Kiewarra, Australia has been going through a two year drought when Aaron Falk returns for the funeral of his former best friend, Luke, his wife Karen and their young son Billy. Aaron and his father slunk away twenty years earlier when the town inhabitants accused them of being involved in the death of sixteen year old Ellie Deacon, Aaron’s friend. However, no one was ever arrested and convicted of murdering her.

TheDry

Times haven’t changed much in twenty years. The drought has made emotions fragile and the thought of Luke using his shotgun on himself and his family is understandable, if not condoned. However, the town’s new police detective Raco feels that things are amiss and with the help of Falk, a Federal Police Detective, starts questioning the events leading up to the triple murder/suicide.

Memories and grudges last a long time in Kiewarra and most people recognize and remember Aaron, not too fondly, and some will not even talk to him. News travels fast in this small town and soon everyone is aware of the ongoing investigation, even though they all believe the case is closed.

In The Dry, Harper makes the devastation and desolation caused by the drought palpable.
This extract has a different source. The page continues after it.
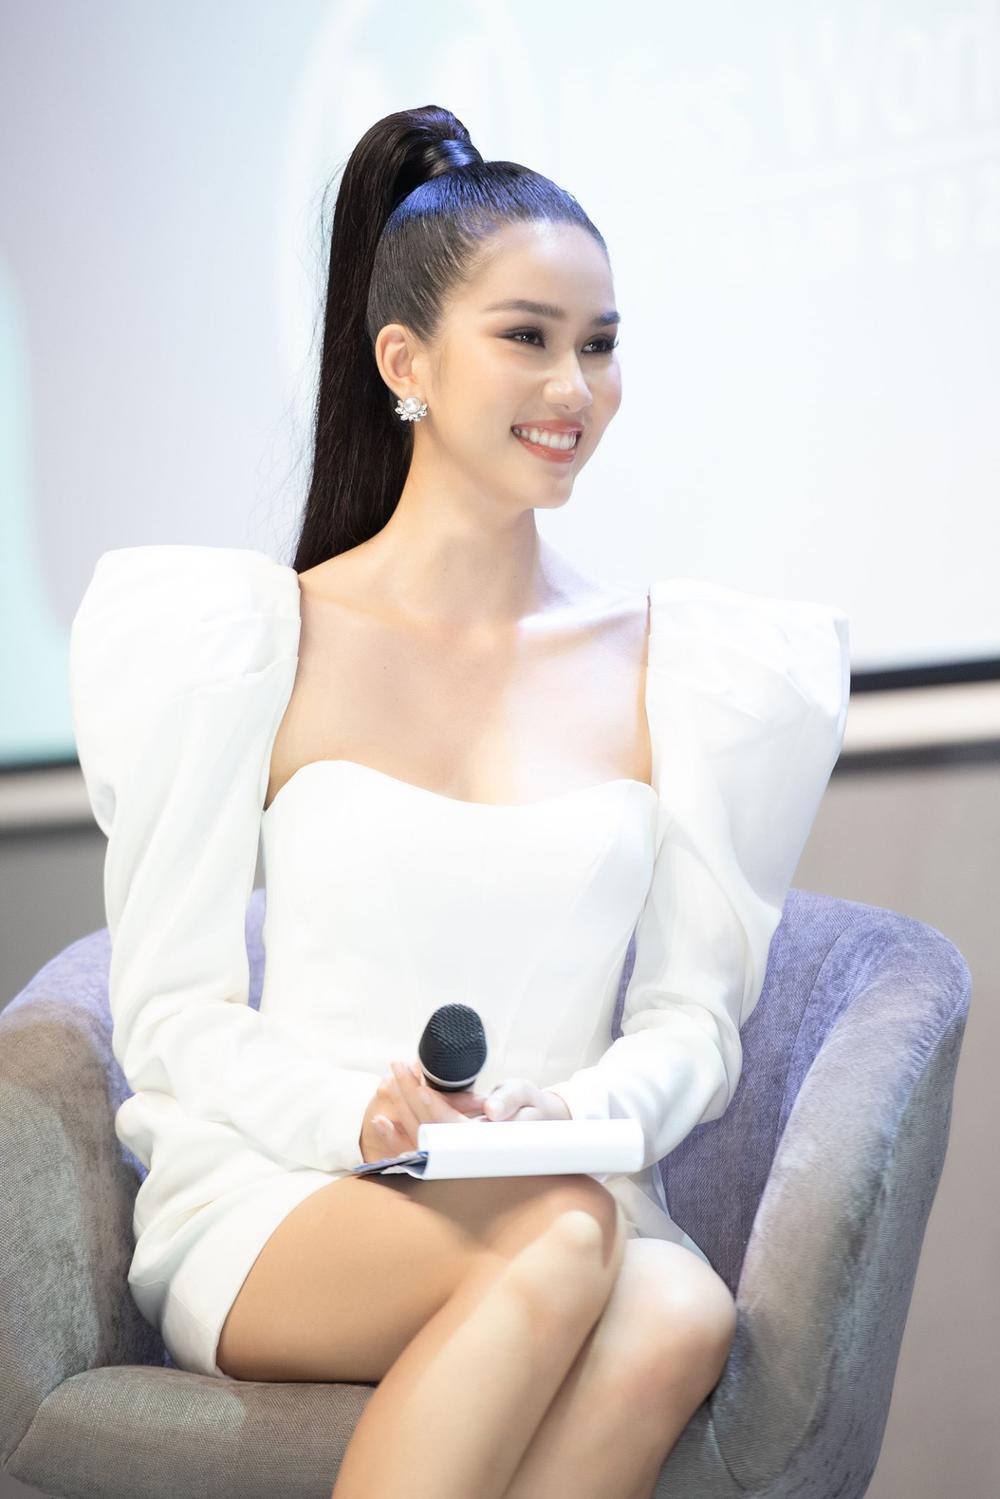 Rộ tin Miss International thi trực tuyến hoặc hủy tổ chức lần 2: Phương Anh thiệt thòi hơn cả Khánh Vân? Ảnh 9

She ably brings up the events of twenty years ago, juxtaposed with current events, the lives of sixteen year old kids juxtaposed against their current adult lives. She shows the meanness that existed all those years ago doesn’t go away over time.
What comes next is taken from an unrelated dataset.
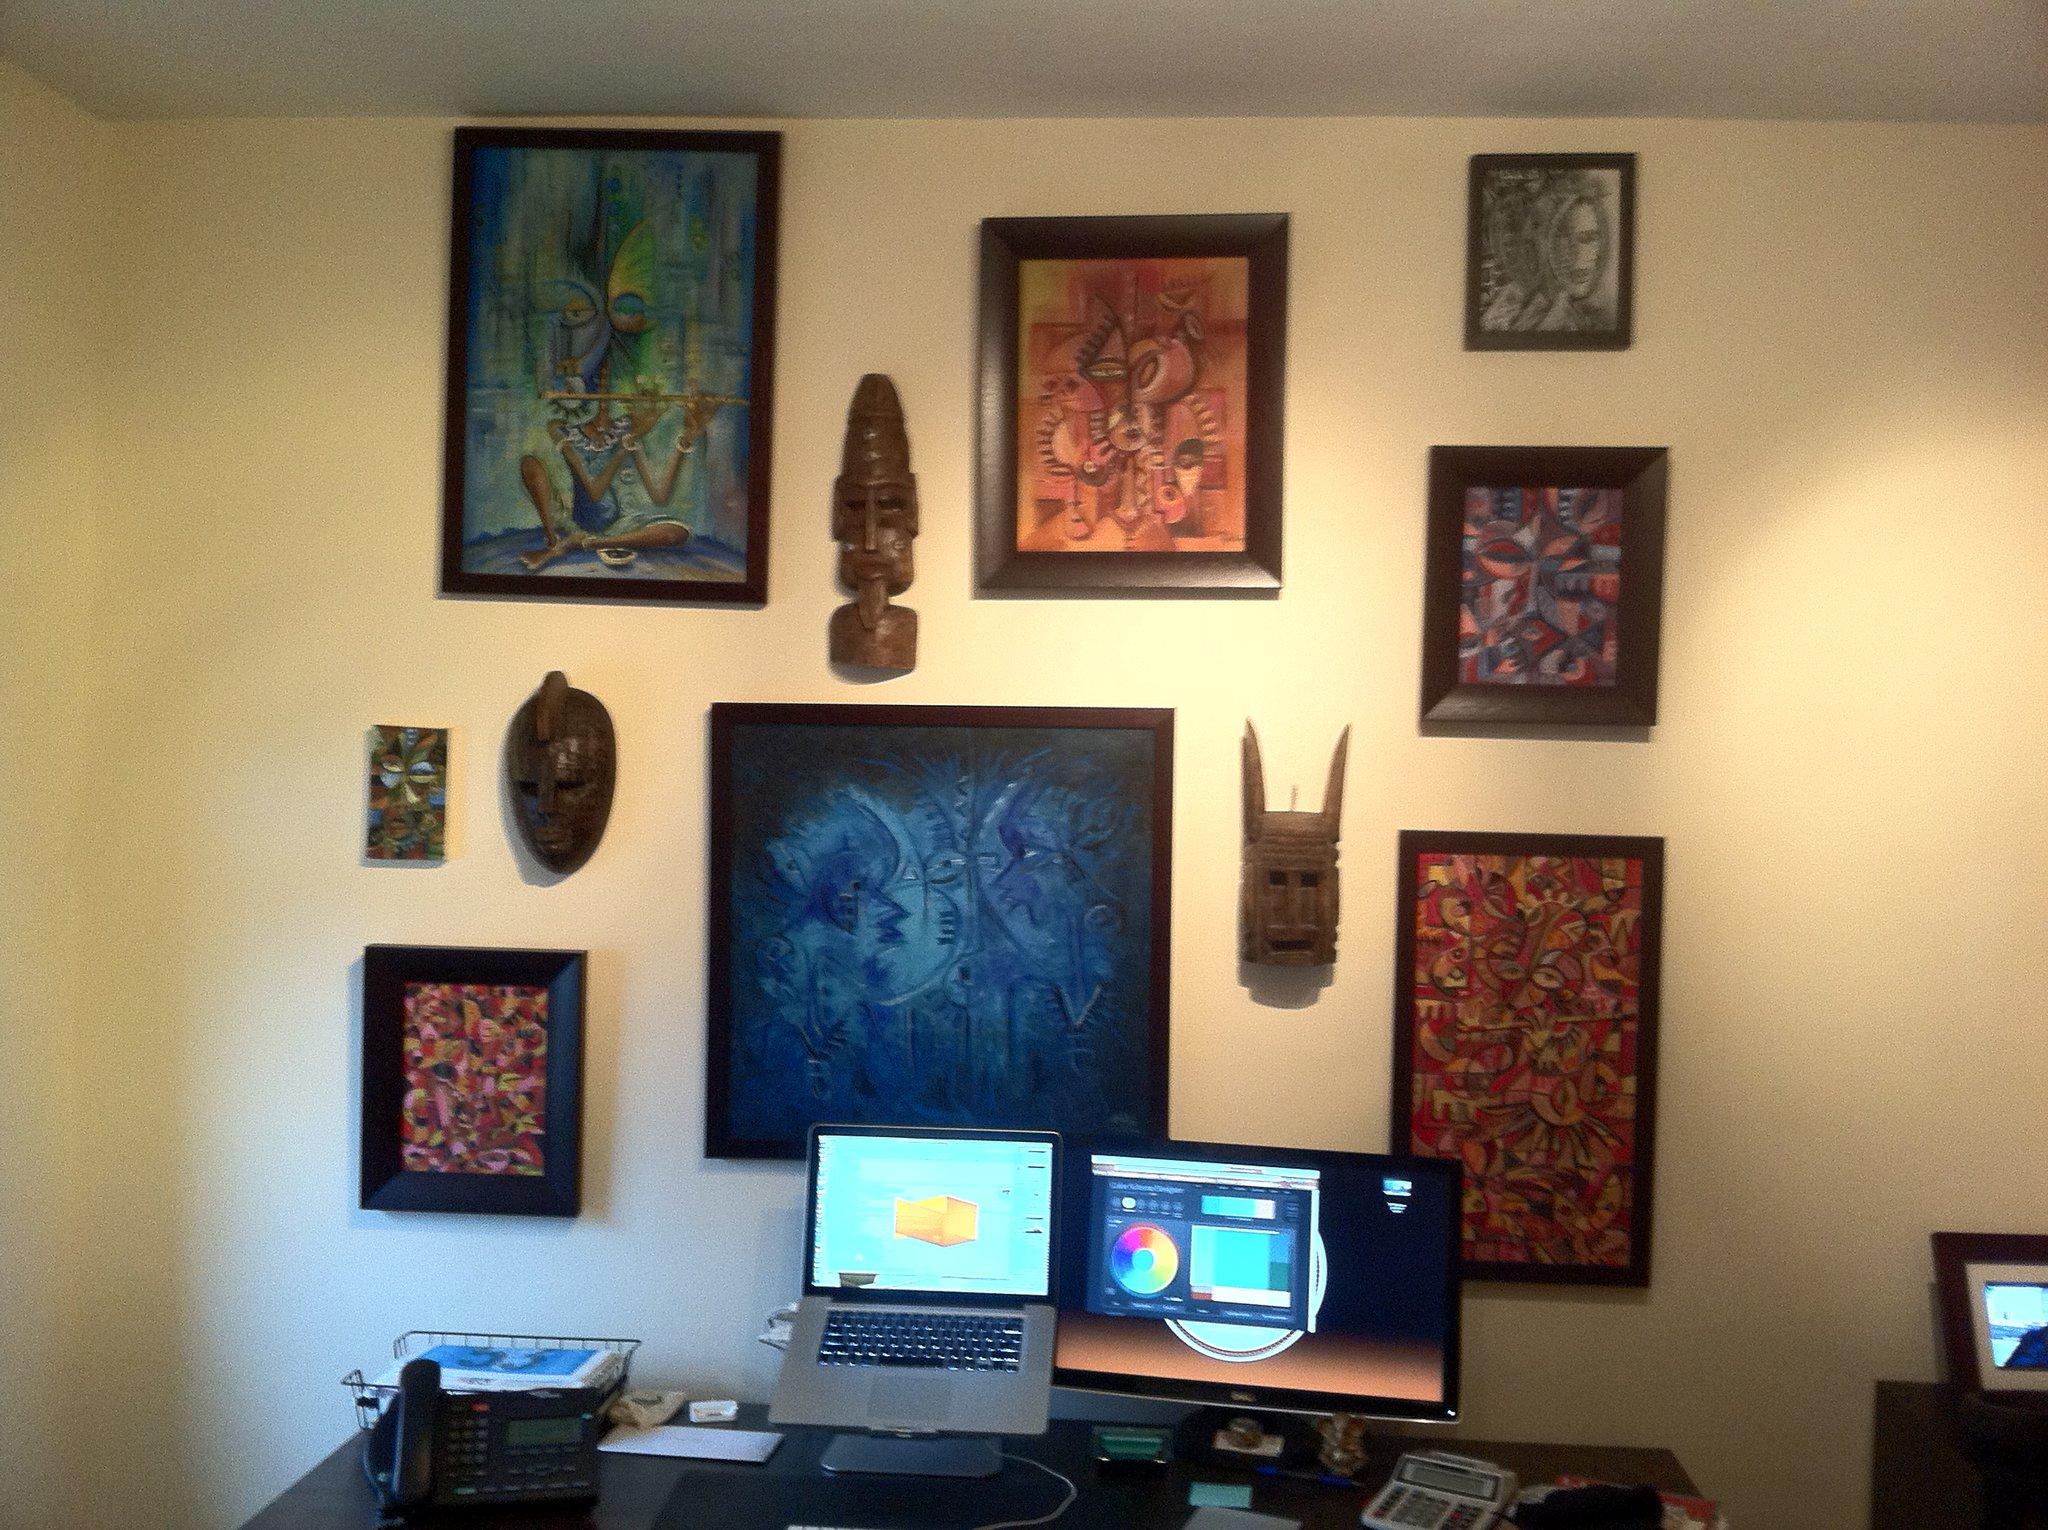 Angu Walters a fan's wall

I will say that I guessed ‘who dun it’ about two thirds of the way through the book, not because of any lapse in Harper’s story. It was half lucky guess, half logic. Several (two) people told me that they thought the book lagged a little in the middle but I didn’t find it so. It gripped me from the beginning. I liked the main protagonists and although I could see them as the initial installment in a series, I’m not sure how that would work, being the setting is in a small town…unless they both move to Melbourne (Falk already lives there).

The Dry is a good story and Jane Harper is now on my radar. I’ll be looking for future books by her.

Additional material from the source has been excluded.